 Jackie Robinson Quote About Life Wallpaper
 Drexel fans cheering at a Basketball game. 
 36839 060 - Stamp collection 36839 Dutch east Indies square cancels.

--

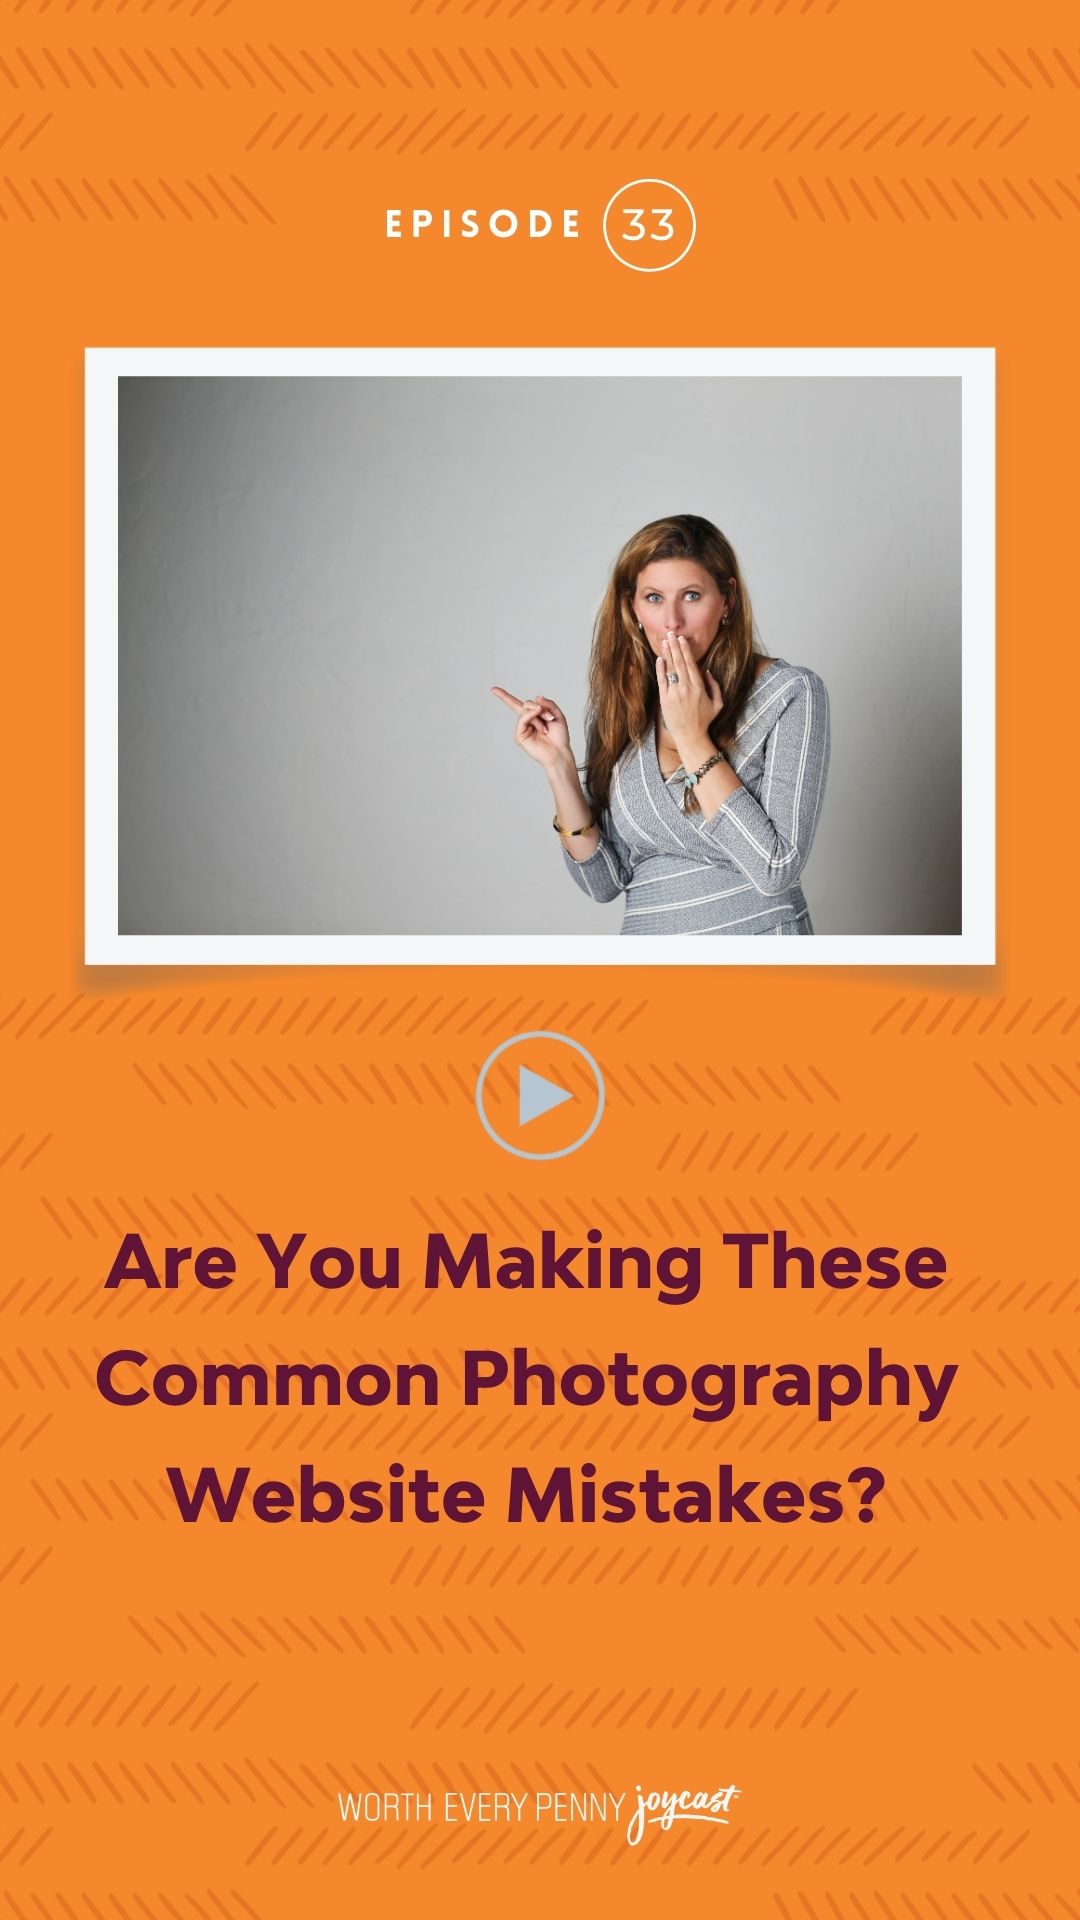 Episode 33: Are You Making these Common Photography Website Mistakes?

Exercise instructions
In the material above, transcribe exactly the lines beginning at the one with "Drexel fans cheering at a Basketball game." and ending at the one with "36839 060 - Stamp", both included.

Finished task
 Drexel fans cheering at a Basketball game. 
 36839 060 - Stamp collection 36839 Dutch east Indies square cancels.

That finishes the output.